На место самоубийцы, доведенного до отчаянья.
На таких вот суденышках люди сживаются так, что не заменяешь ушедшего, а делаешься его новым существованием. Нет тяжелее бремени, чем наследовать тень человека, жаждавшего от нее избавиться! Всеми угадываемая, рыщущая среди событий, она питается малейшей схожестью и прикипает.
Что за матроса он менял?
Этот дальний пирс, куда должен подойти «Морж», принадлежал громадному холодильнику, обслуживавшему все охотское побережье. Внешне похожий на каземат, он уходил содержанием глубоко под землю, где этажами размещались холодильные камеры. Сейчас пирс занимало номерное военное судно с большими катушками телеграфного кабеля на корме. Никакие катера с Холмино сюда не ходили, повезло с кабелеукладчиком, согласившимся подбросить с военпорта. Вояка явился с деловым видом, и все для того, чтобы прикорнуть у пирса!
В самом деле, место пустынное, с зелеными склонами горы Южной и, слагаемой с ней, мрачной горой Линдгольма. Проницаемая контрастной дымкой, протянувшейся от Петровской косы, эта гора проглядывалась до мелких жилок на граните, высясь географическим полушарием, сколлапсировавшим в виде гранитной скалы.
Пролив тоже радовал в эти часы матовой водой, напоминающей высокочувствительную амальгаму на фотопленке. Все манило отплытием, как первосуществованием, и, казалось, чайки, населявшие эту глушь, зарождались в толчках волн, в самости матовой амальгамы, и, тая и взлетая, обретали с полетом и непреклонность обитания, что обеспечивали им тяжелый клюв и легкие крылья.

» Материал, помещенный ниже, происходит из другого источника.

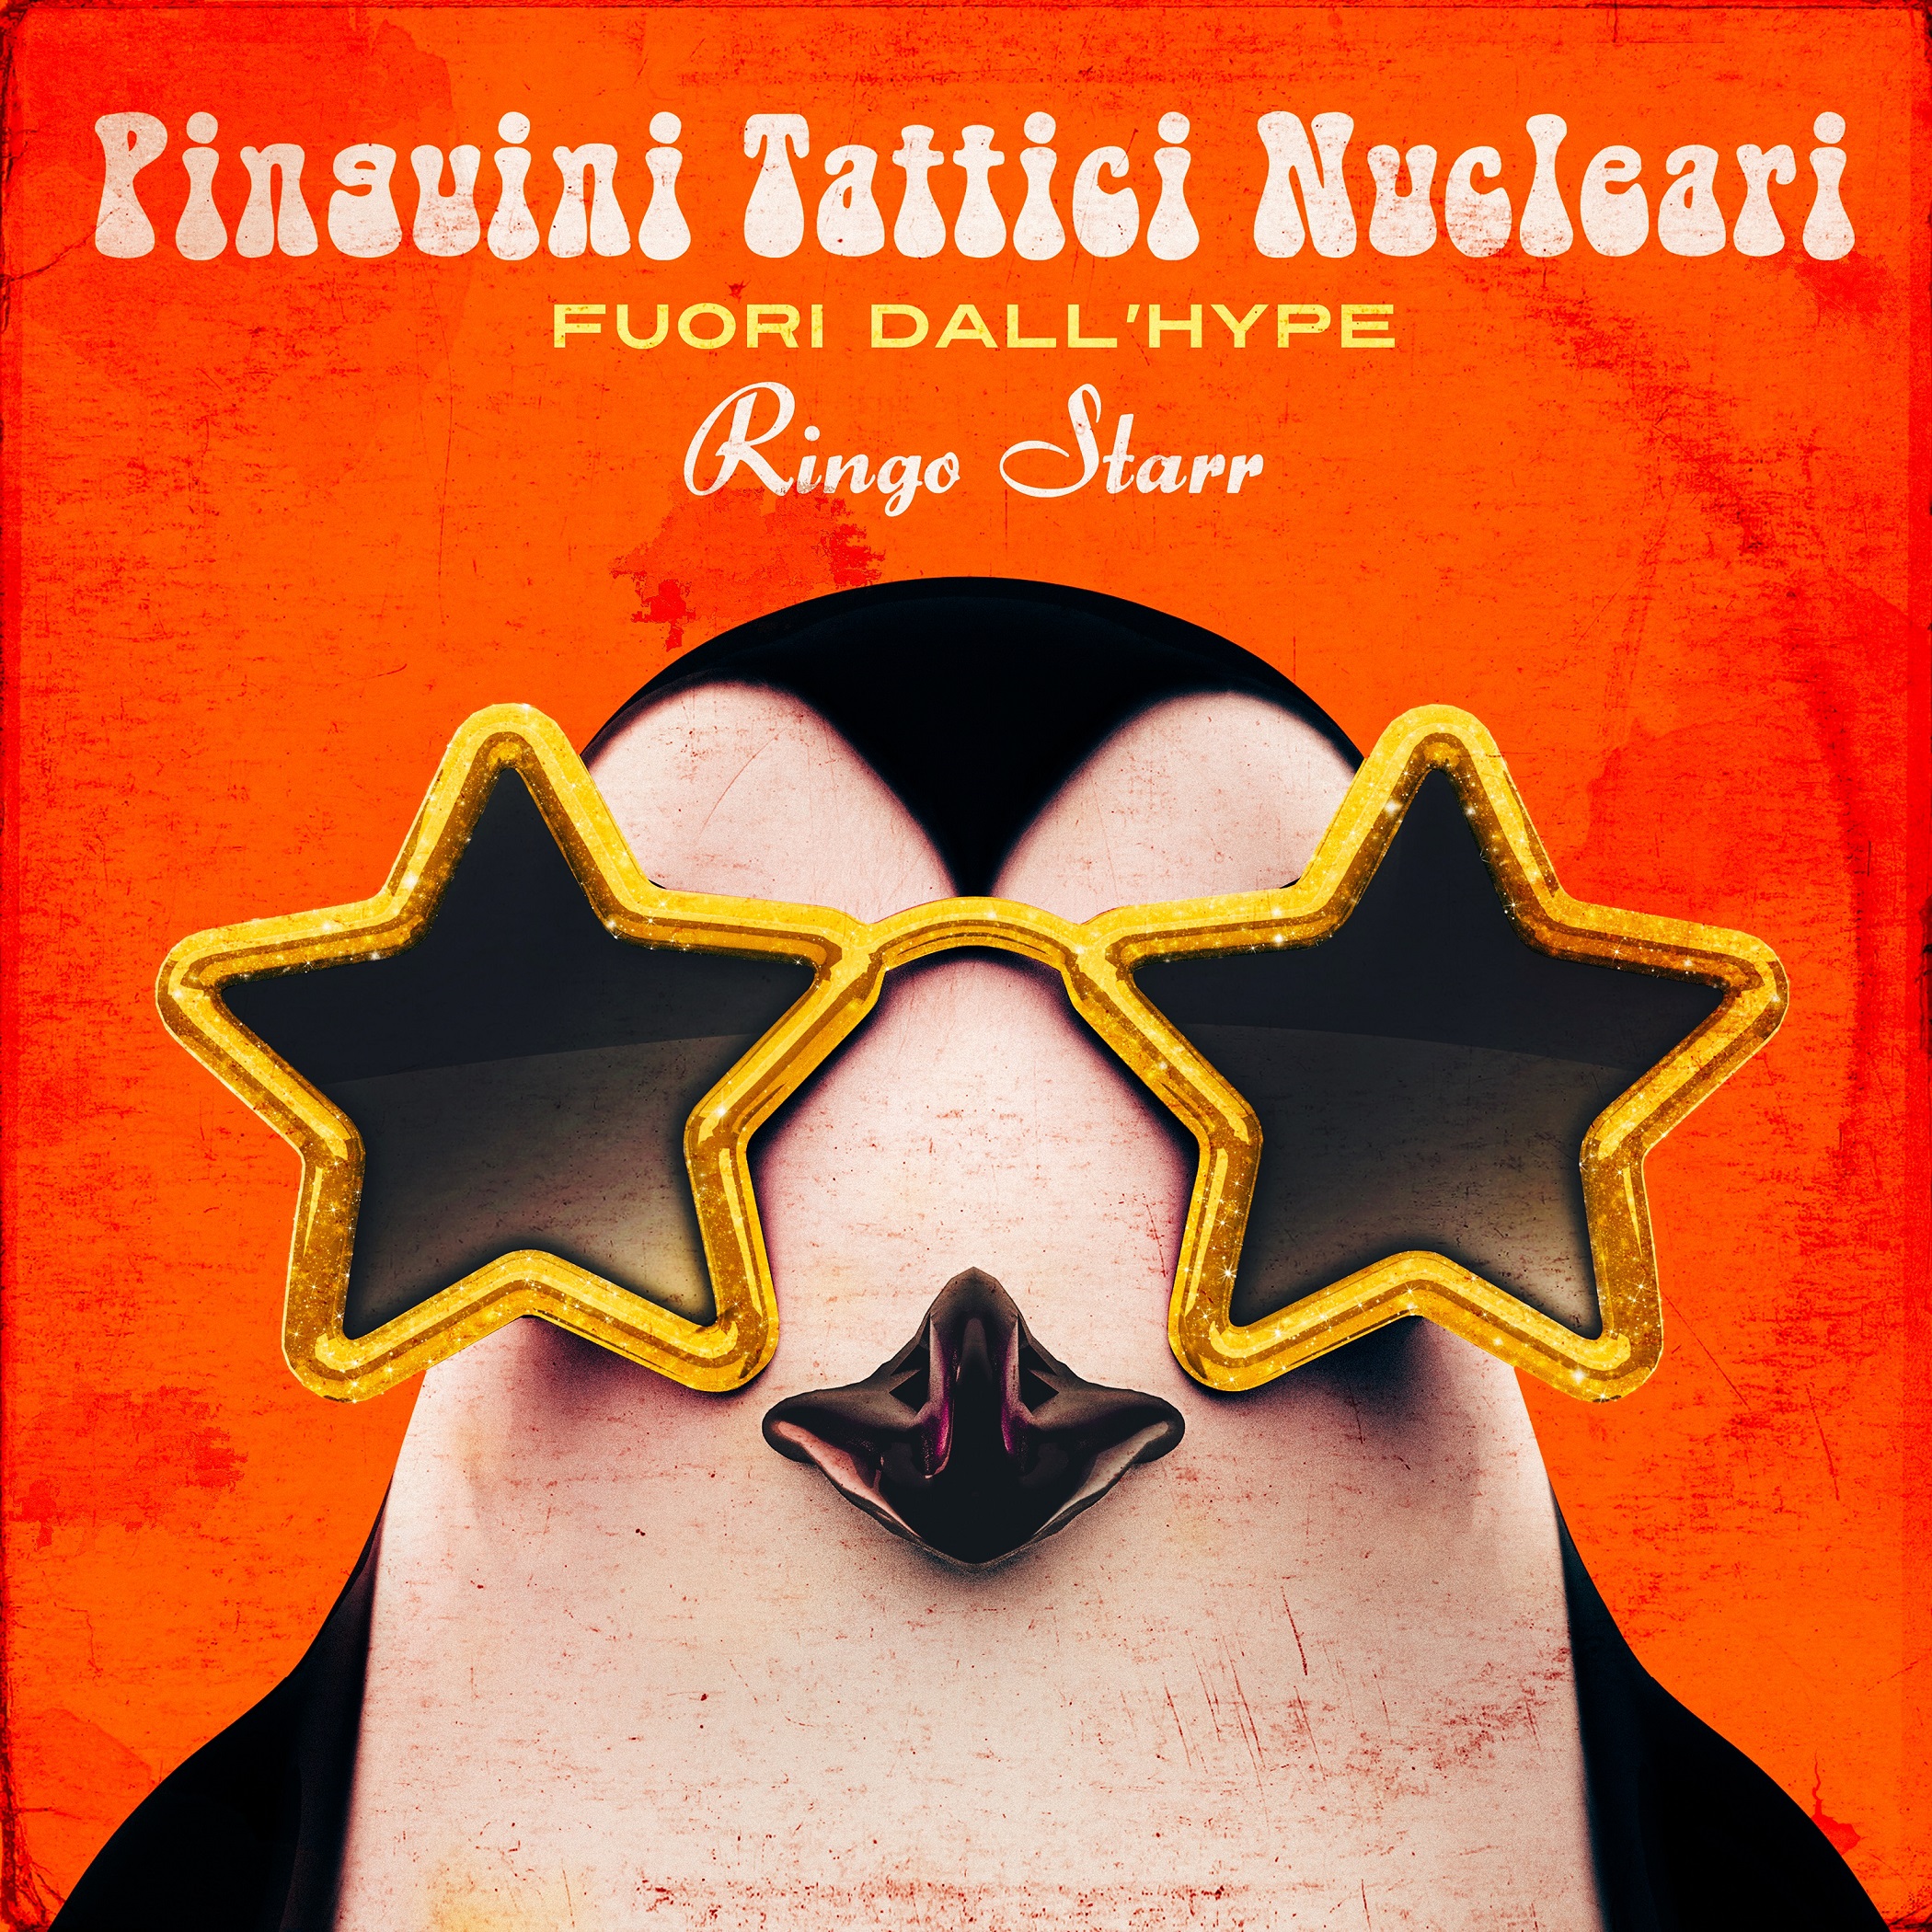 Pinguini Tattici Nucleari a Sanremo 2020 con "Ringo Starr": testo, audio, significato

Время шло, волнение нарастало, он вскакивал со швартовой тумбы, на которой сидел, и почти бежал скорым шагом – больше из тяги запрятаться, чем по нужде, – в деревянную, выкрашенную известью, непосещаемую уборную, словно сохранившуюся в первобытном виде: сухую, опрятную, с листочками нарезанной газеты на гвоздике, сладко приванивающую детством, со столетней войной гудящей мухи с пауком.
При первом еще посещении приметил за железнодорожным тупиком приведенный тепловозом и брошенный на путях бесхозный вагон с вином. Вагон сопровождала черная пара существ в зимней одежде, заросших до неправдоподобия.
Сколько же они добирались сюда, если выбросили из вагона желтую, осыпавшуюся новогоднюю елку? Даже среди черных, бывает, попадаются люди, у кого жизнь не малина! Подглядывая сейчас за ними в щелку, он увидел, как сопровождающие, представ голым мужчиной и голой женщиной, переоблачались среди винных бочек в другую вроде одежду.
От этой пары бежал обратно – и так дальше.
Внезапно различил «Морж» по брызгам, что он поднимал, окунаясь с мачтой в спокойной, без капли волнения воде. Вот вышел на поверхность, распустив водяные усы, совсем рядом почти – ни на кого не подобный, помещающийся лишь в воображении, на деревянной гравюре! Якорной цепью размахивает из клюза, как собрался забросить ее вместо швартова, ободраны паруса, иллюминаторы проржавели, палуба круглая и труба дымятся от пены, длинная мачта с марсовой бочкой раскачалась – того и гляди, обломится, а вид – море по колено!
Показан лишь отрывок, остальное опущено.